All references herein to the Prime Rate are deemed to refer to
the Base Rate."
5. The Credit Agreement shall be amended by deleting the
definition of "Revolving Credit Facility Termination Date" in Section
1.1 on Page 9 and inserting in lieu thereof the following text:
""Revolving Credit Facility Termination Date" shall
mean the earlier of (a) written demand of the Bank to the
Borrower and (b) July 15, 1998."
6. The Credit Agreement shall be amended by deleting in
Section 2.2 on Page 11 the following text:
"The interest rate for any portion of the outstanding
principal balance of the Revolving Credit Note shall be
computed at a per annum rate equal to the lesser of (a) the
Prime Rate plus two percent (2%) and (b) the Prime Rate plus
two percent (2%) minus the product of 0.25% and the number of
Rate Reduction Events that have occurred; provided, however,
that in no event shall the interest rate be less than Prime
plus one percent (1%)."
and substituting in lieu thereof the following text:
"The interest rate for any portion of the outstanding
principal balance of the Revolving Credit Note shall be
computed at a per annum rate equal to the Base Rate."
7. The Credit Agreement shall be amended by deleting Section
2.9 on Page 14 and inserting in lieu thereof the following text:
"2.9 Revolving Credit Facility Fee.

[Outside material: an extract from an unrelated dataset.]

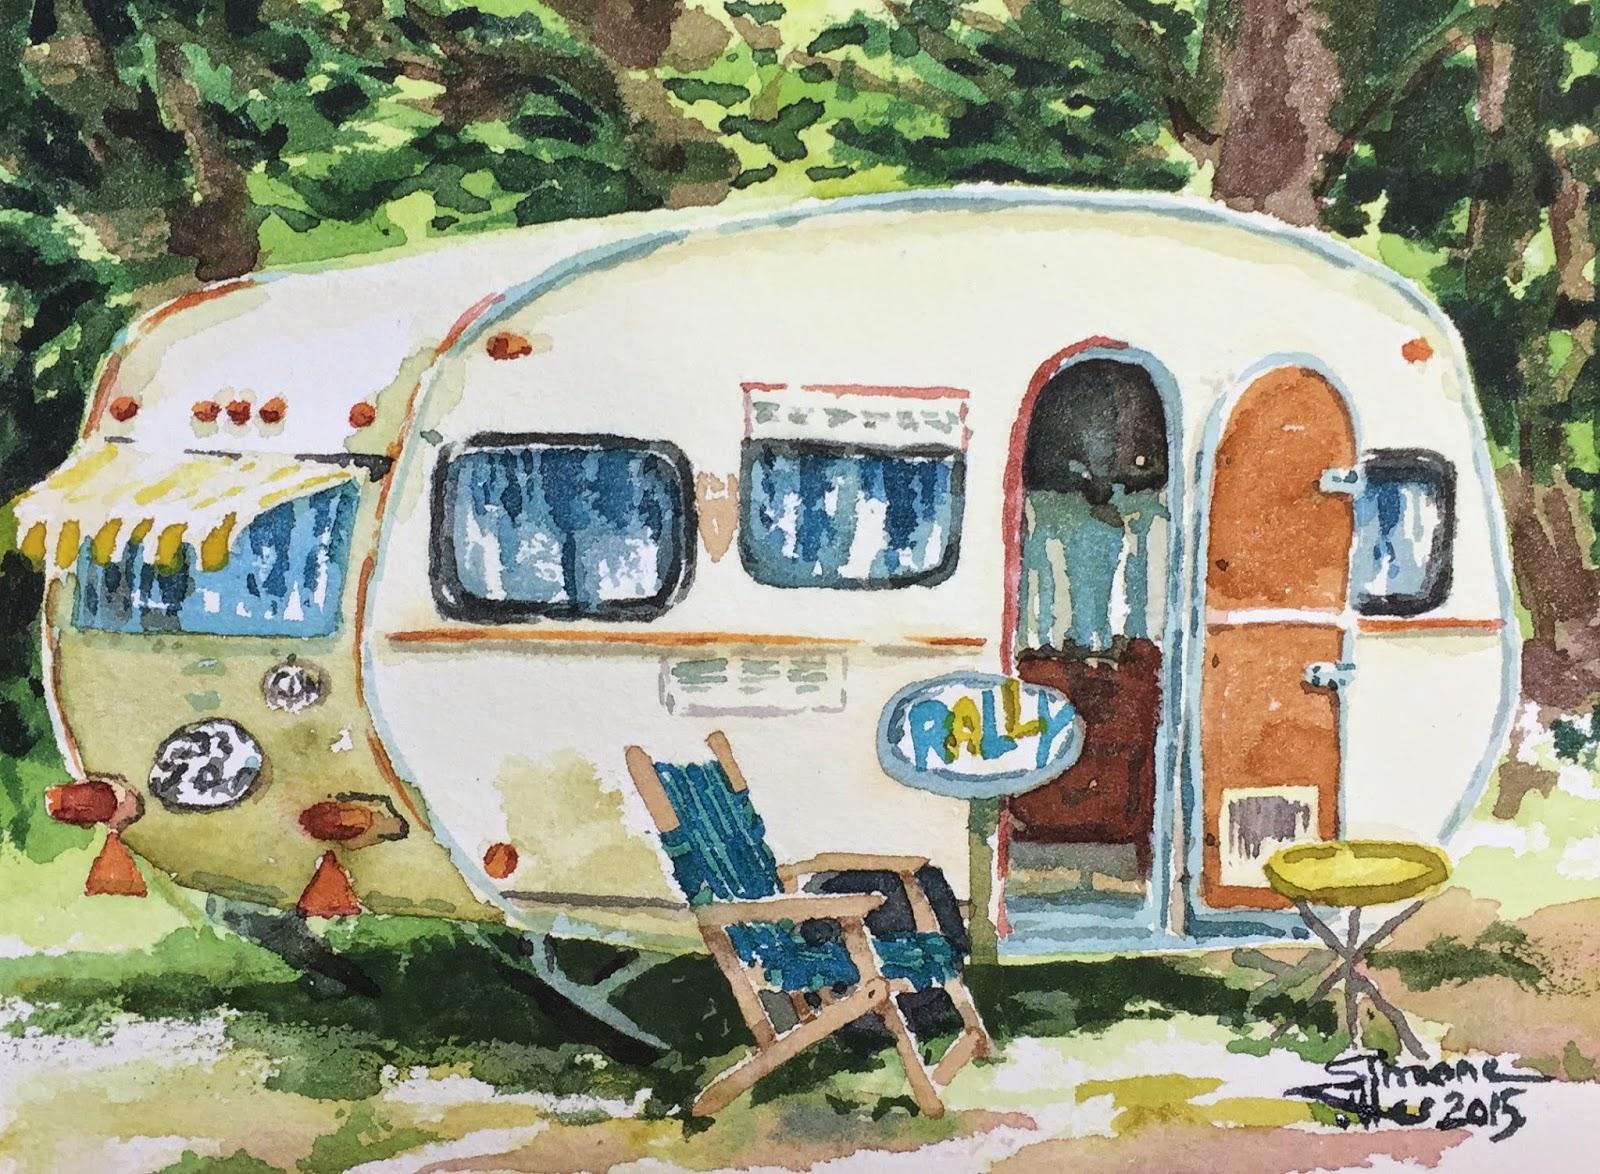 Simone Ritter Art German 1972 Tabbert Wohnwagen

In addition to
the interest described above, the Borrower shall pay to the
Bank a non-refundable facility fee, payable on the date
hereof, of $7,500.00, representing 0.375% of the Maximum
Credit Amount at the closing of this Agreement."
8. The Credit Agreement shall be amended by deleting in its
entirety Section 9.1 on Page 30 and inserting in lieu thereof the
following text:
"9.1 Profitability. The Borrower shall not incur an
operating loss of greater than: (i) $1,000,000.00 for fiscal
year 1997, exclusive of acquisition and non-recurring charges
incurred during the second quarter of 1997, and (ii)
$500,000.00 for the first two quarters of fiscal 1998."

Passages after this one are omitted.